» **PROBLEM STATEMENT**
Print the entire listing below word for word, excluding its pictures.

» **DATA SHOWN**
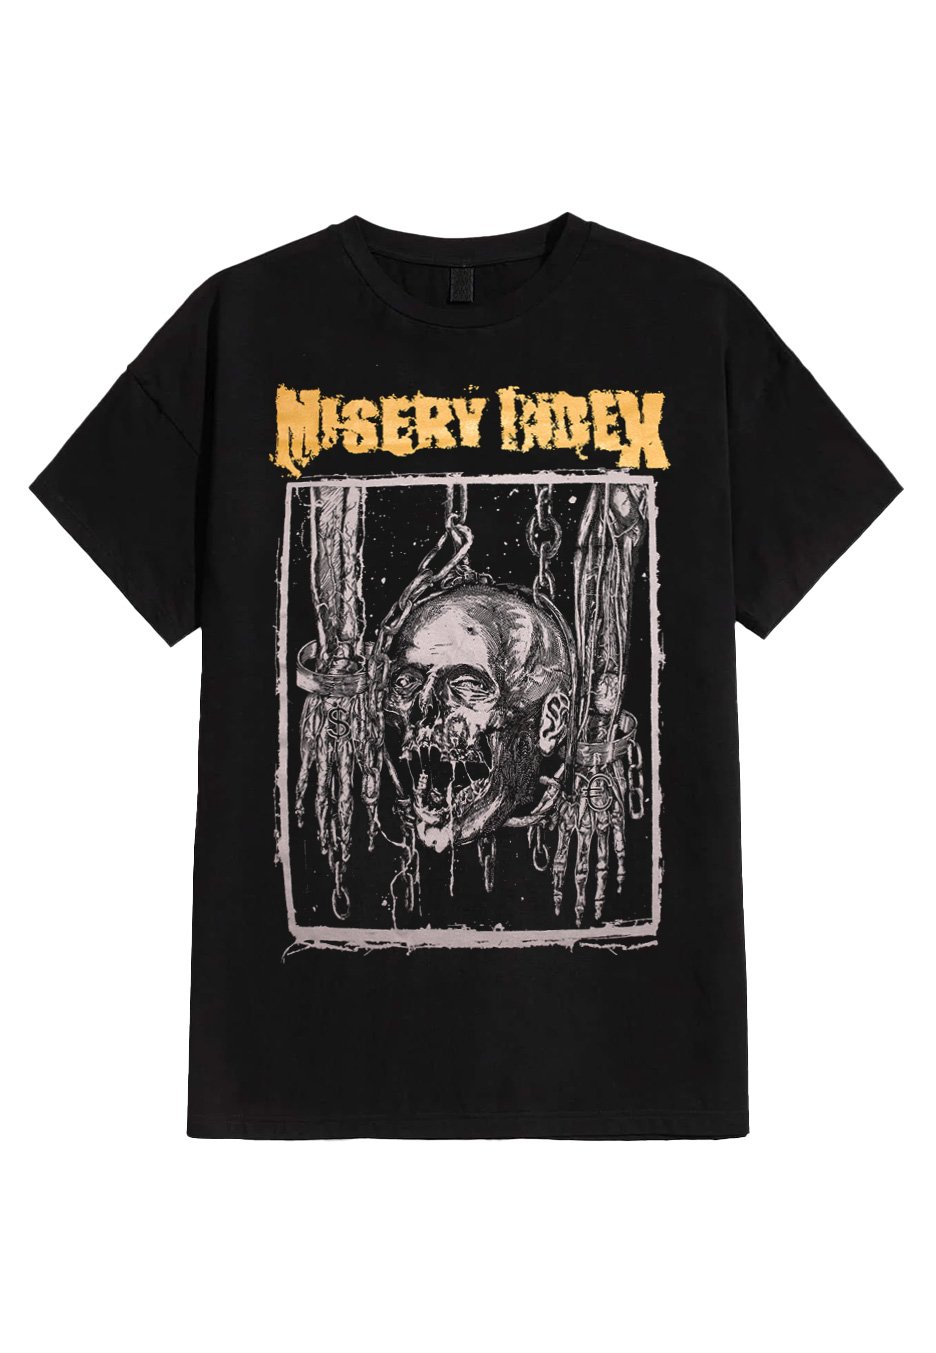 Misery Index - Rites Of Cruelty - T-Shirt
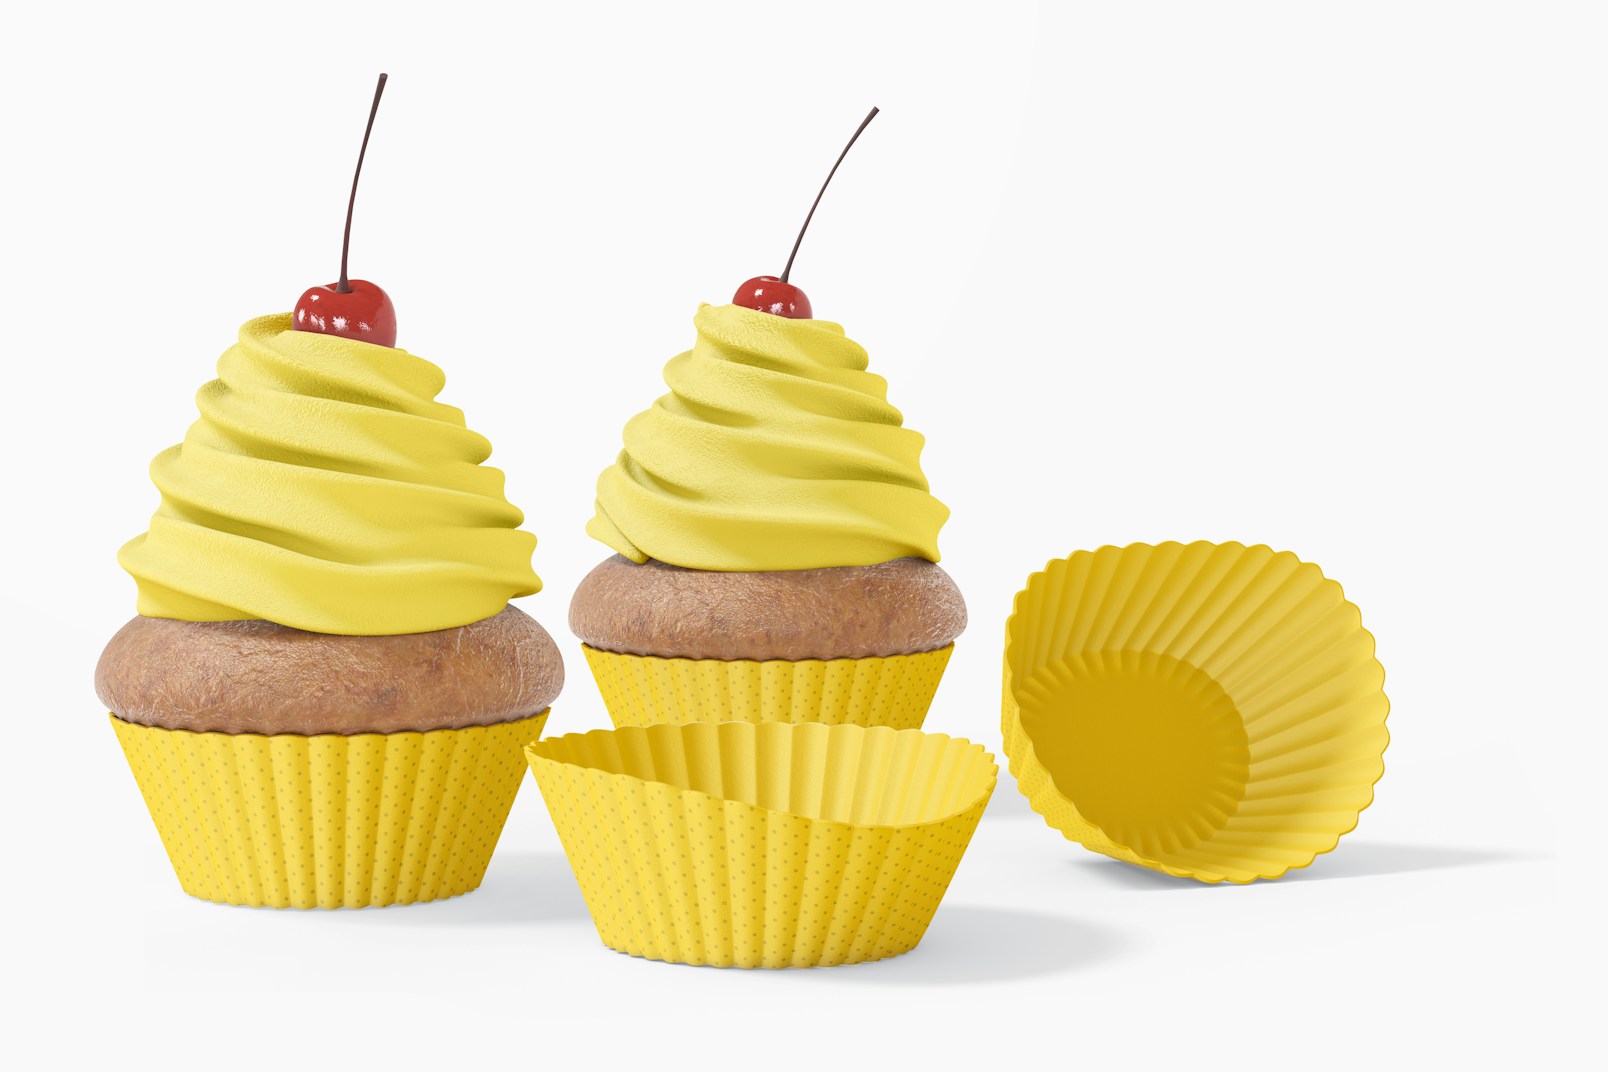 Cupcakes with Silicone Baking Cup Mockup
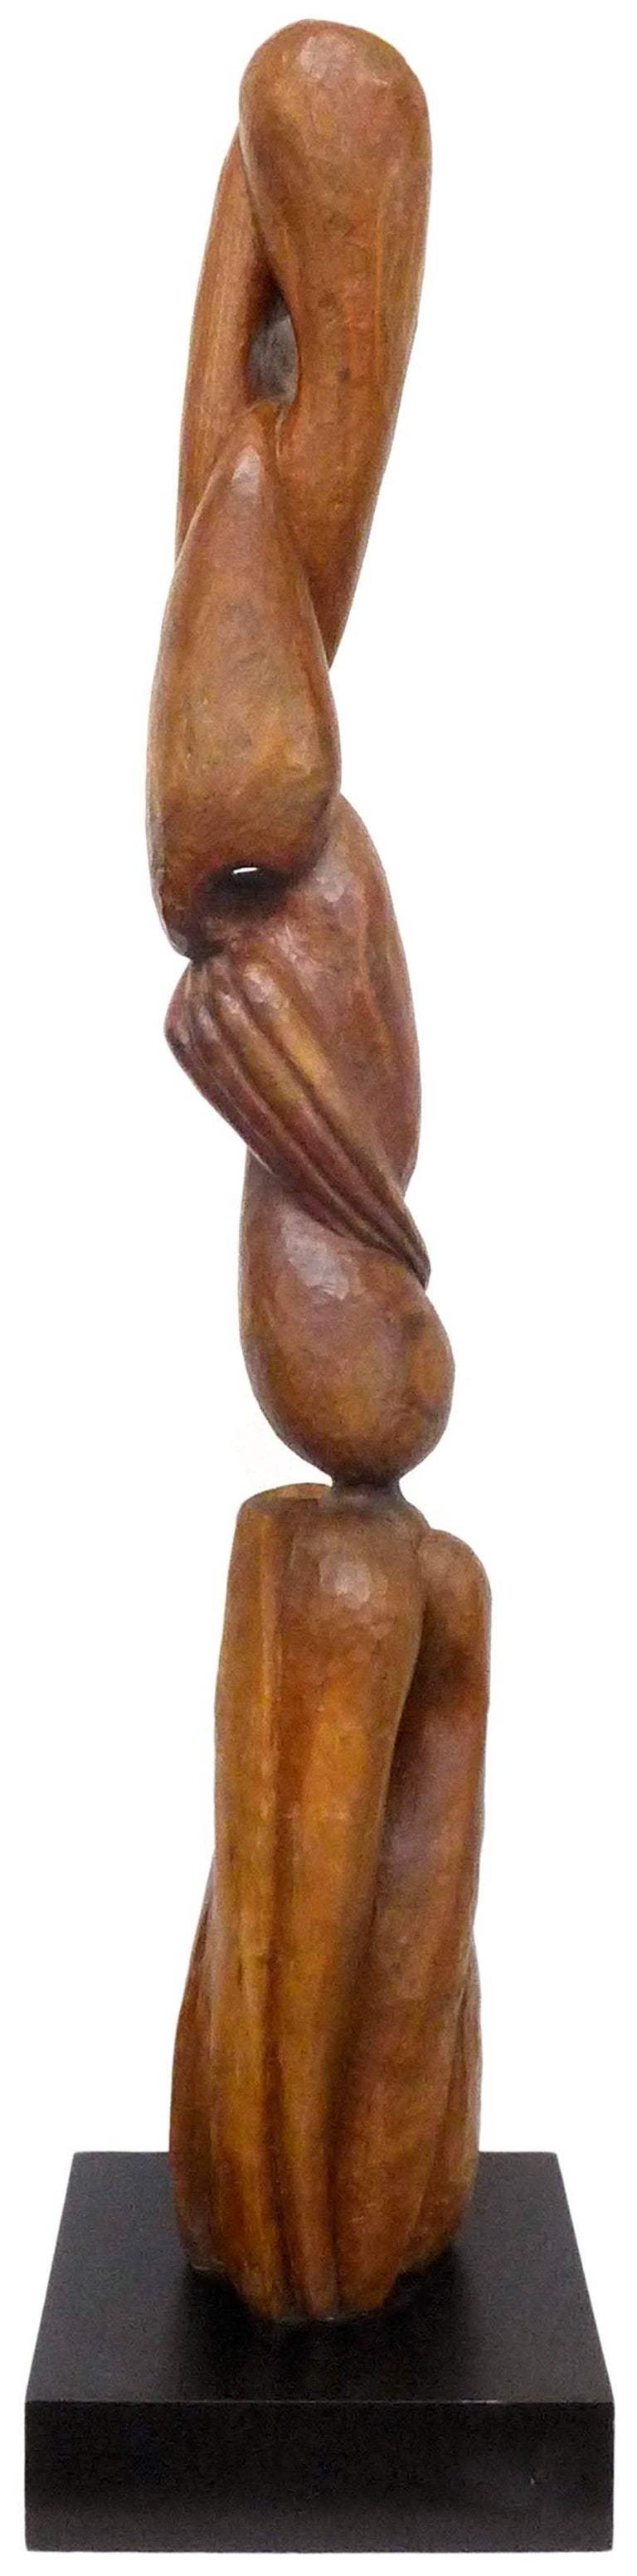 Organic Modern Biomorphic Carved-Wood Sculpture For Sale

» **SOLUTION FOR THIS PROBLEM**
 Misery Index - Rites Of Cruelty - T-Shirt
 Cupcakes with Silicone Baking Cup Mockup
 Organic Modern Biomorphic Carved-Wood Sculpture For Sale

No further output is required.